This will gen approx 12Mpps towards single IP, thus single flow.

Notice this single flow, one activates 1-CPU on target host.  This is
on purpose.


Baseline measurements
=====================

Kernel: 4.0.0-rc7-net-next-01881-ge60a9de
 - Thus, kernel at commit e60a9de49c3 ("Merge branch ...jkirsher/next-queue")

Two compiler versions:
 * gcc version 4.4.7 20120313 (Red Hat 4.4.7-11) (GCC)
  - (This results in slower kernel)
 * gcc version 4.9.1 20140922 (Red Hat 4.9.1-10) (GCC)


Forwarding
----------

IP-forward, single flow:
 * Gcc 4.4.7
  - Run01: instant rx:0 tx:1064064 pps n:100 average: rx:0 tx:1064066 pps
    (instant variation TX -0.002 ns (min:-0.431 max:0.171) RX 0.000 ns)

IP-forward, single flow:
 * Gcc 4.9.1 <-- **NOTICE GCC version**
  - Run02: instant rx:0 tx:1312000 pps n:96 average: rx:0 tx:1311854 pps
    (instant variation TX 0.085 ns (min:-0.359 max:1.331) RX 0.000 ns)
  - Run03: instant rx:0 tx:1311168 pps n:106 average: rx:0 tx:1310818 pps
    (instant variation TX 0.203 ns (min:-0.593 max:0.512) RX 0.000 ns)


Early drop
----------

Early drop iptables raw, single flow:
 * Gcc 4.4.7
  - Run01: instant rx:3003072 tx:0 pps n:300 average: rx:3002243 tx:0 pps
    (instant variation TX 0.000 ns (min:0.000 max:0.000) RX 0.092 ns)

Early drop iptables raw, single flow:
 * Gcc 4.9.1 <-- **NOTICE GCC version**
  - Run02: instant rx:3233600 tx:0 pps n:83 average: rx:3233151 tx:0 pps
    (instant variation TX 0.000 ns (min:0.000 max:0.000) RX 0.043 ns)

Change measurement
==================

Performance test for Pablo of patch:
 * http://patchwork.ozlabs.org/patch/460069/

Pablo is refactoring __netif_receive_skb_core() into several
functions, to allow for some other upcomming changes.

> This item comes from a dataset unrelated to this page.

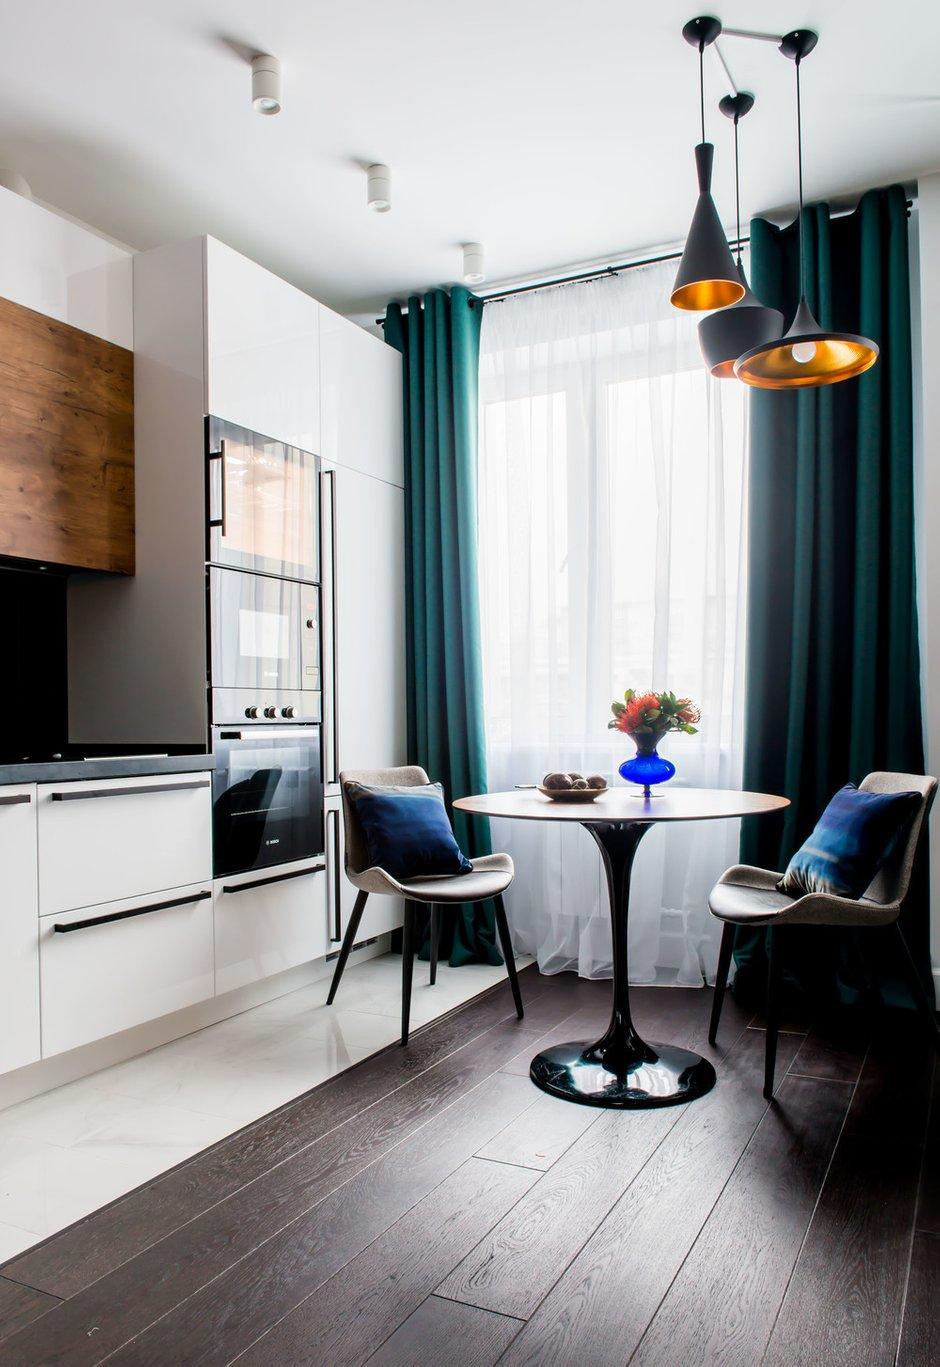 Фотография: Кухня и столовая в стиле Современный, Квартира, Проект недели, «Уютная квартира», Наталья Преображенская, Монолитный дом, 2 комнаты, 40-60 метров – фото на INMYROOM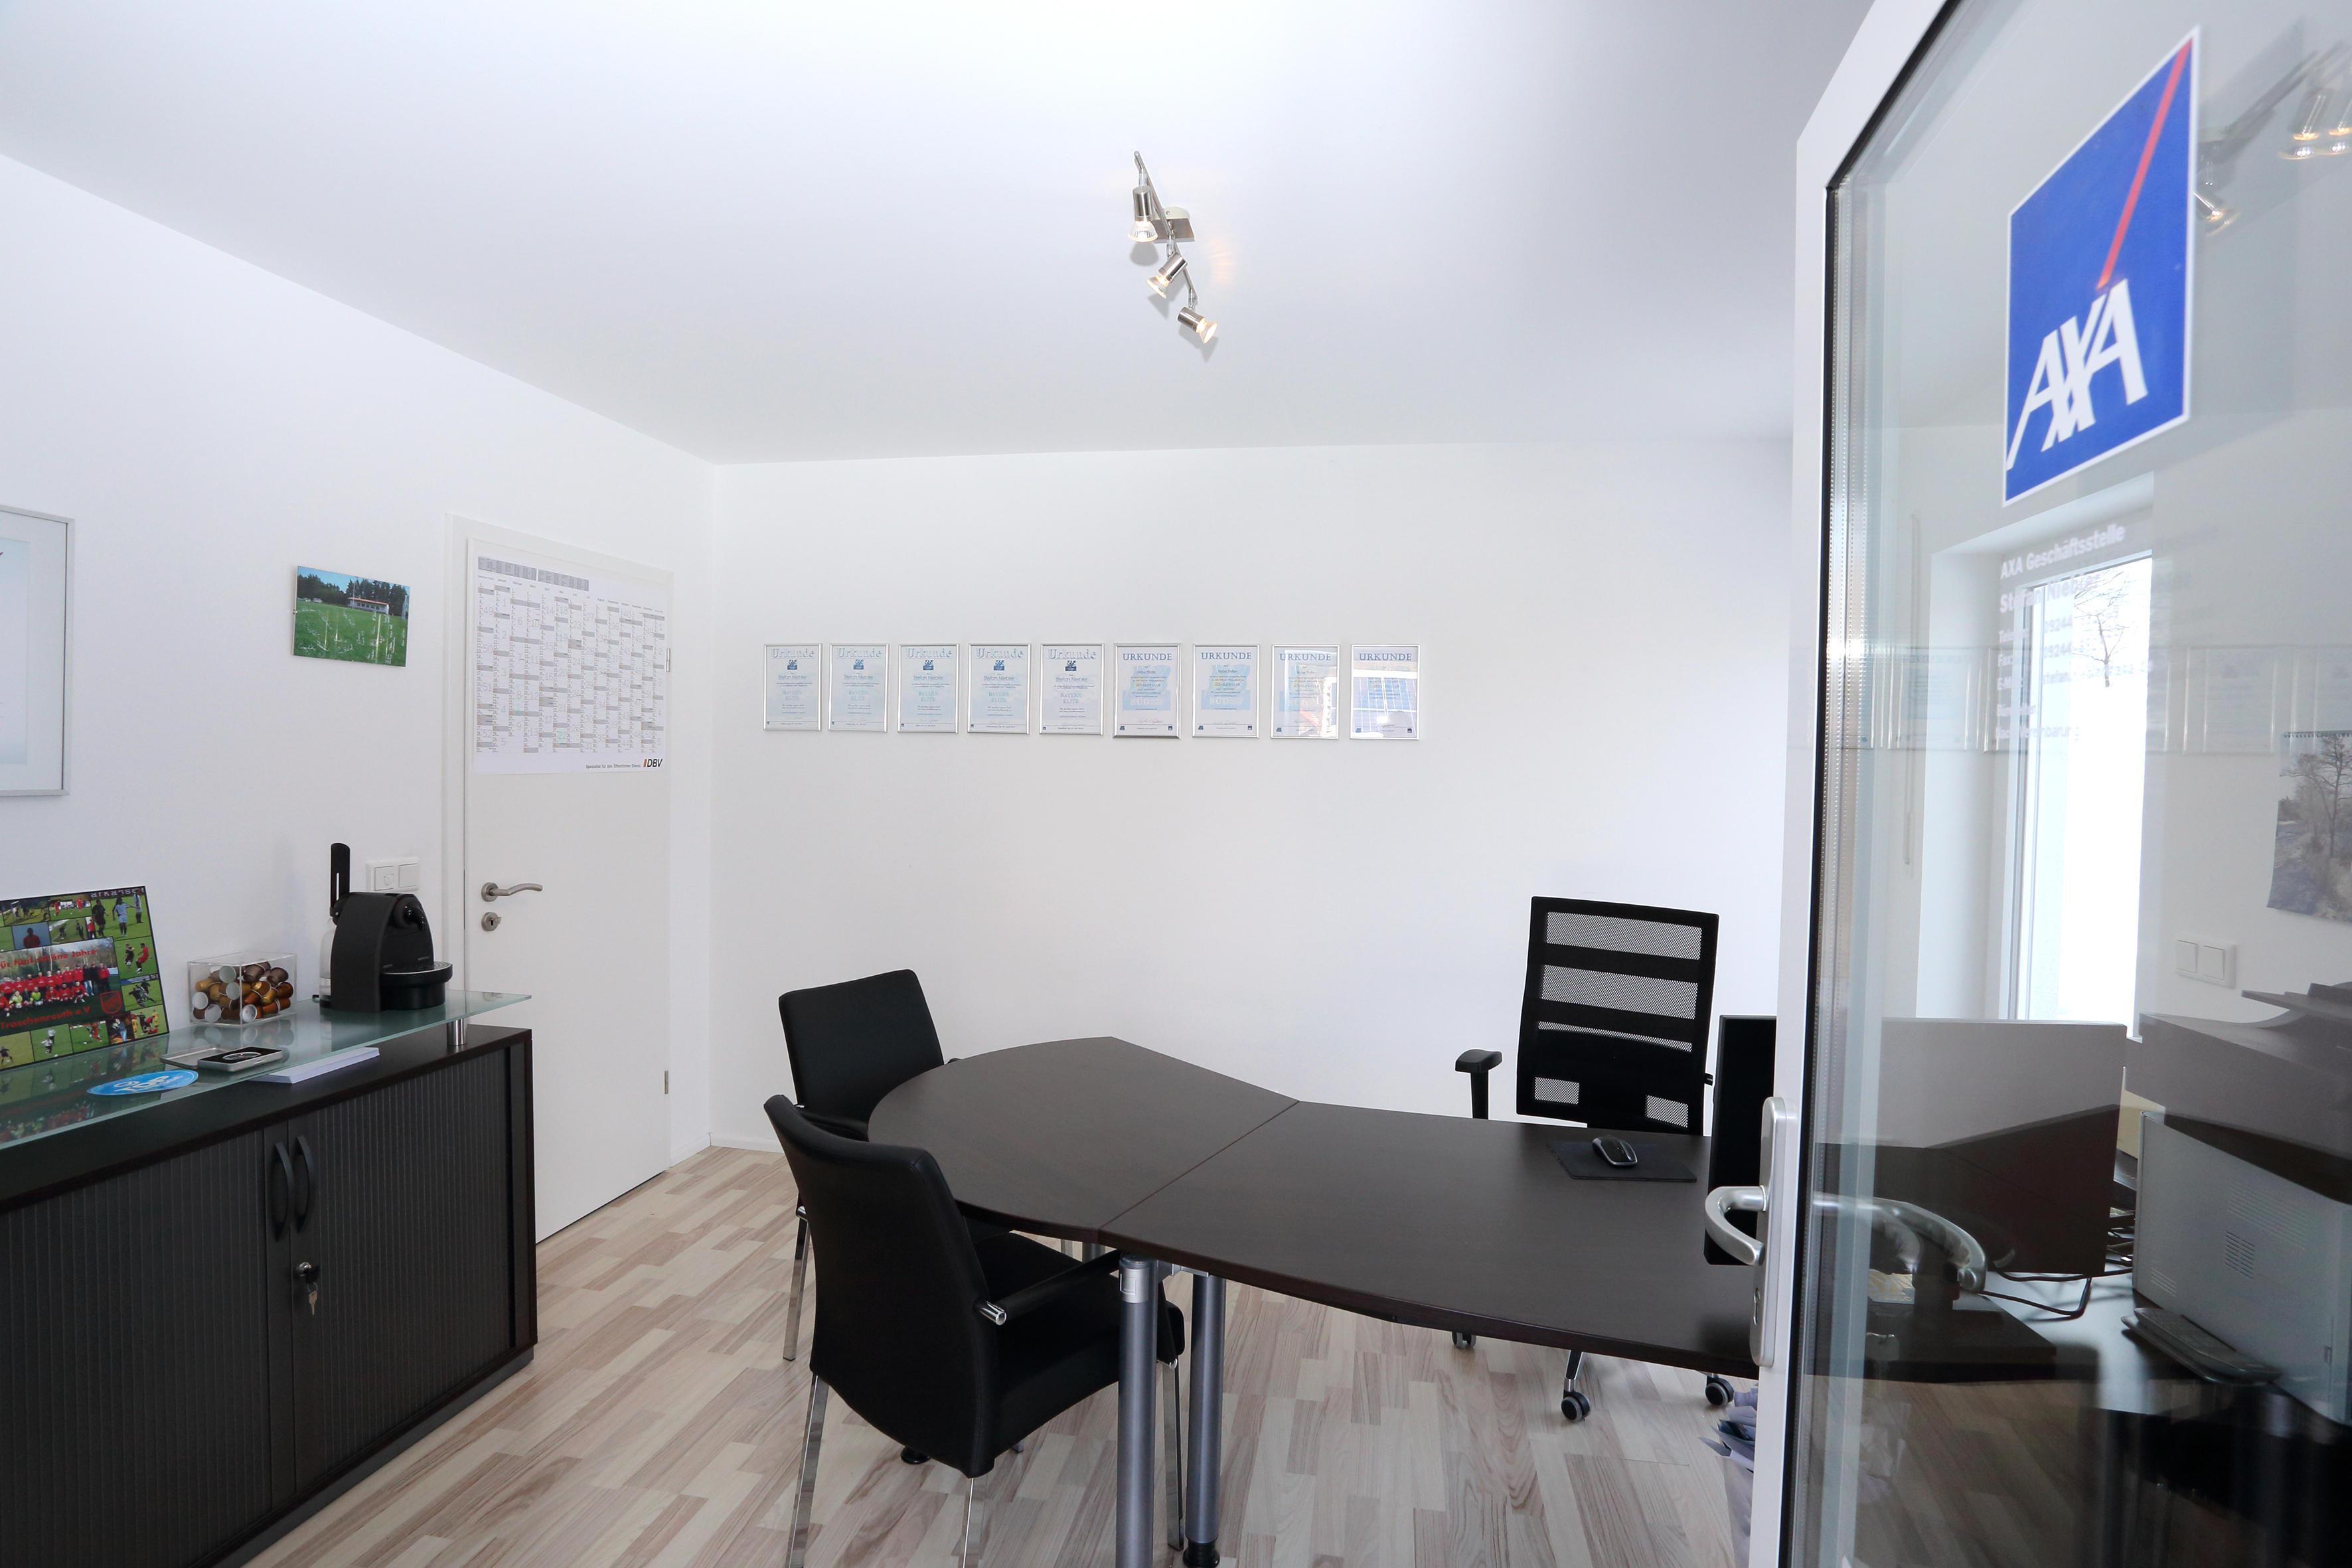 Beratungsräume in der AXA Agentur Niebler in Bayreuth

Daniel Borkmann question if this will affect performance.

Kernel: 4.0.0-rc7-pablo01-refactor--netif_receive_skb_core+
 * on top of commit e60a9de49c3 ("Merge branch ...jkirsher/next-queue")

Forwarding
----------

IP-forward, single flow:
 * Gcc 4.4.7
  - Run01: instant rx:0 tx:1034236 pps n:74 average: rx:0 tx:1034824 pps
    (instant variation TX -0.550 ns (min:-1.577 max:0.224) RX 0.000 ns)
  - Run02: instant rx:0 tx:1036292 pps n:60 average: rx:0 tx:1036290 pps
    (instant variation TX 0.001 ns (min:-0.271 max:0.259) RX 0.000 ns)
 * (Gcc 4.4.7) compare against baseline (run01 vs run02)
  - 1036290 - 1064066 = -27776 pps (slower)
  - (1/1036290*10^9)-(1/1064066*10^9) = +25.18 ns (slower)

IP-forward, single flow:
 * Gcc 4.9.1  <-- **NOTICE GCC version**
  - Run01: instant rx:0 tx:1335676 pps n:60 average: rx:0 tx:1335773 pps
    (instant variation TX -0.055 ns (min:-0.163 max:0.126) RX 0.000 ns)
  - Run02: instant rx:0 tx:1328708 pps n:80 average: rx:0 tx:1329386 pps
    (instant variation TX -0.384 ns (min:-1.298 max:0.316) RX 0.000 ns)
   * run01 vs run02 variance:
    - (1/1335773*10^9) - (1/1329386*10^9) = -3.5967 ns
 * (Gcc 4.9.1) compare against baseline(Run02) vs this Run02
  - 1329386 - 1311854 = +17532 pps (faster)
  - (1/1329386*10^9) - (1/1311854*10^9) = -10.05ns (faster)


Early drop
----------

Early drop iptables raw, single flow:
 * Gcc 4.4.7
  - Run01: instant rx:2942528 tx:0 pps n:91 average: rx:2940013 tx:0 pps
    (instant variation TX 0.000 ns (min:0.000 max:0.000) RX 0.291 ns)
  - Run02: instant rx:2929280 tx:0 pps n:120 average: rx:2935666 tx:0 pps
    (instant variation TX 0.000 ns (min:0.000 max:0.000) RX -0.743 ns)
 * (Gcc 4.4.7) compare against baseline (run01 vs run02)
  - 2935666 - 3002243 = -66577 pps (slower)
  - (1/2935666*10^9) - (1/3002243*10^9) = +7.55 ns (slower)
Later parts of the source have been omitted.